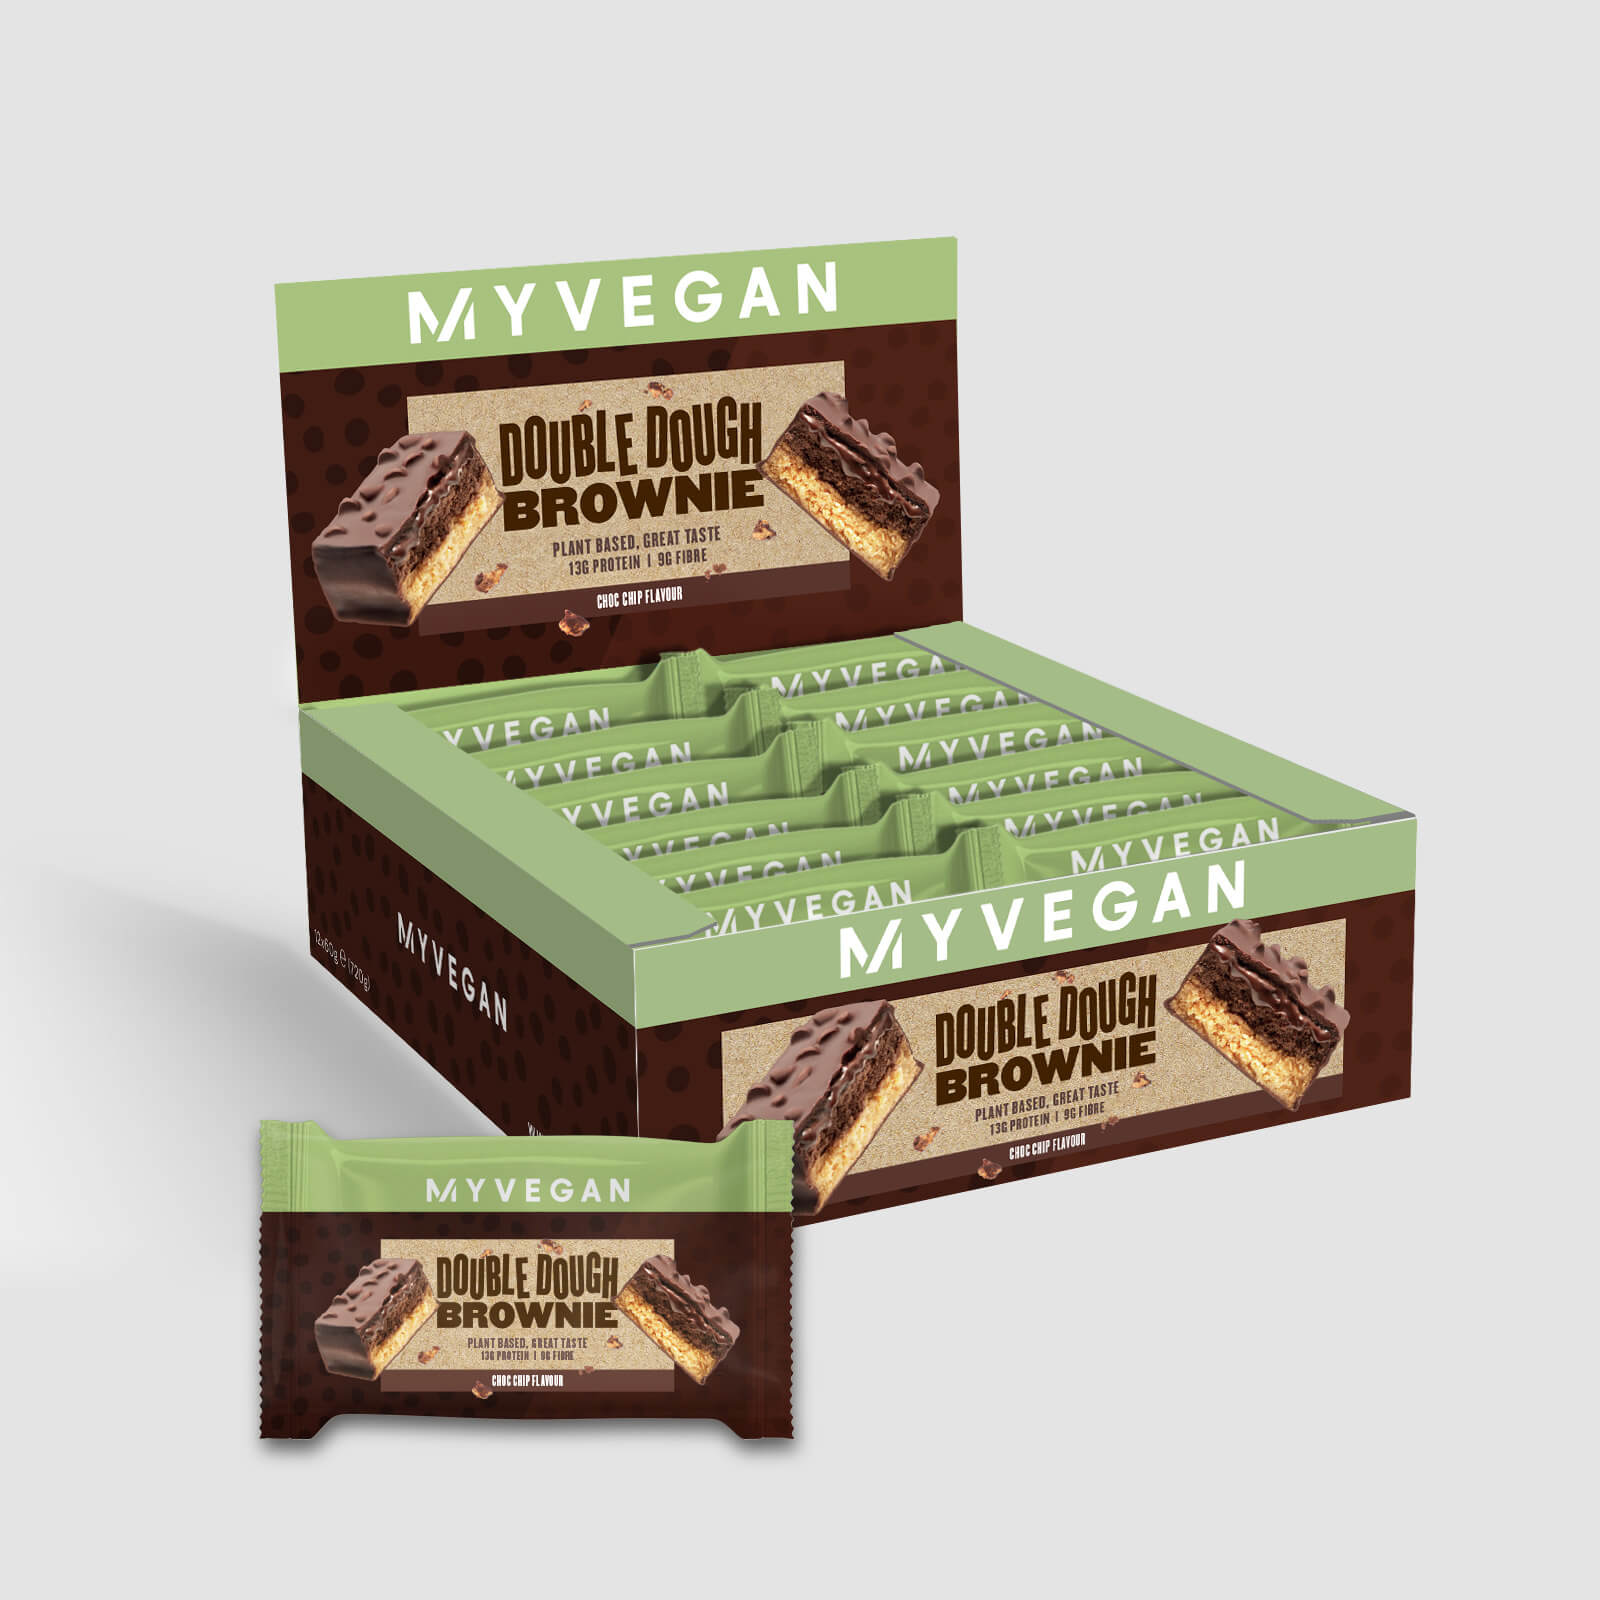 Myvegan Vegan Double Dough Brownie - Chocolate Chip
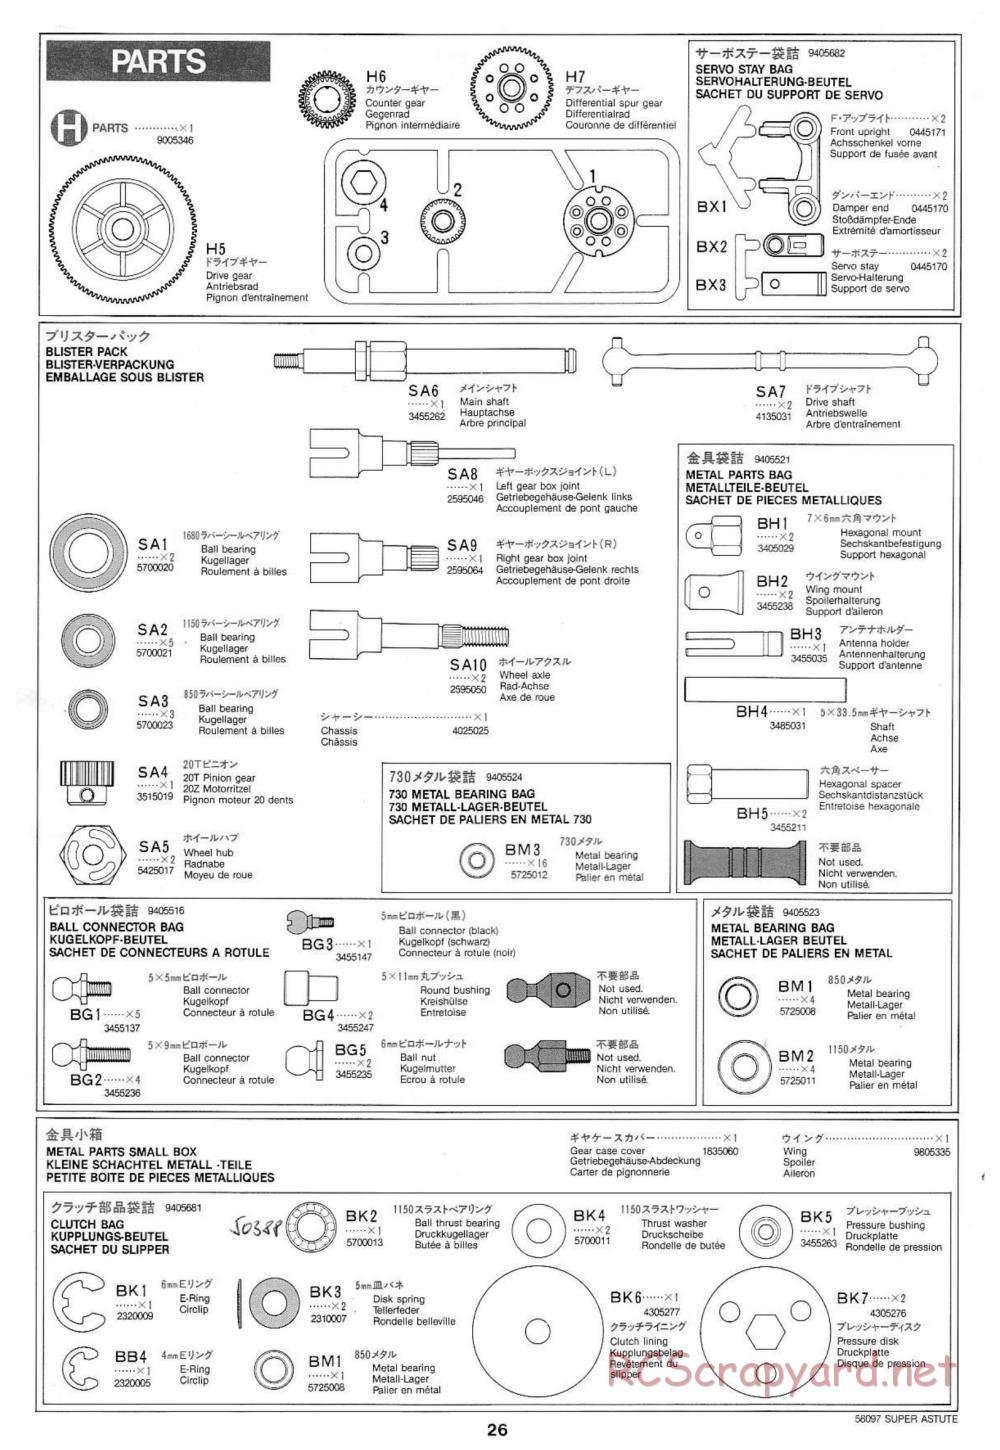 Tamiya - Super Astute - 58097 - Manual - Page 26
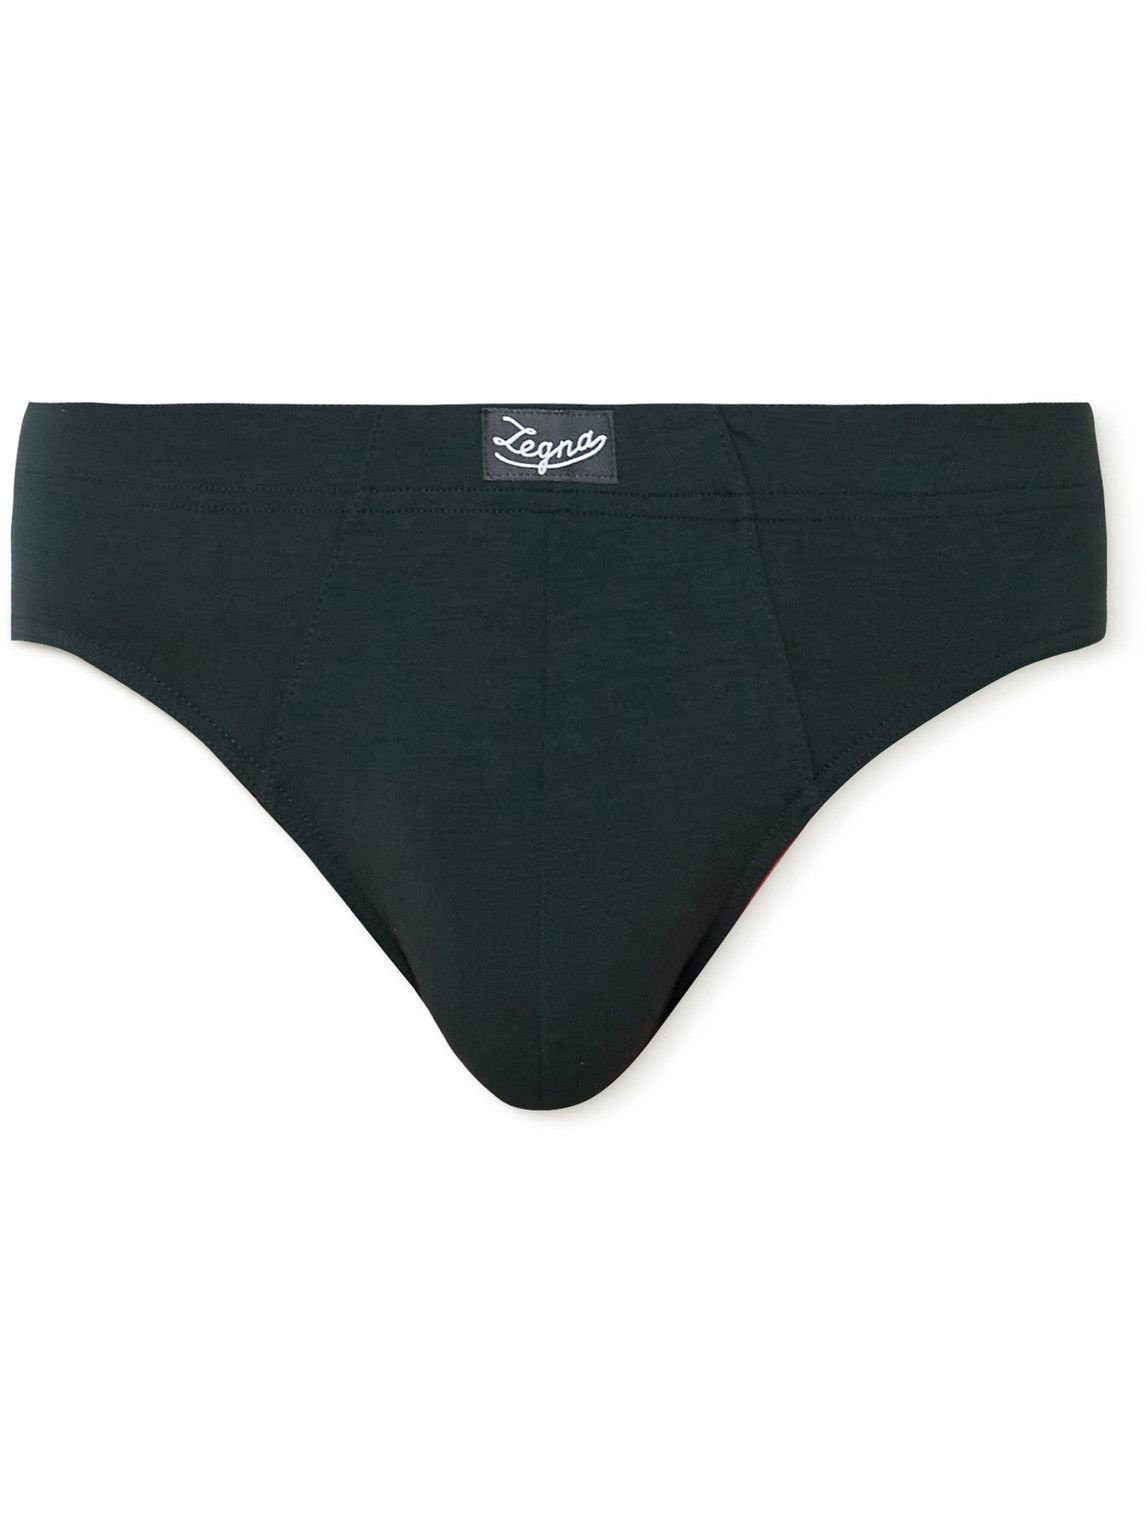 Ermenegildo Zegna Underwear Black Stretch L Cotton Midi Brief 2 Pack - Tie  Deals

## [Work order]
Leave the pictures out and retype only the lines from the line with "Tamiya - Super" through the final line of the material, both ends included, word for word.

## [Response box]
 Tamiya - Super Astute - 58097 - Manual - Page 26
 Ermenegildo Zegna Underwear Black Stretch L Cotton Midi Brief 2 Pack - Tie  Deals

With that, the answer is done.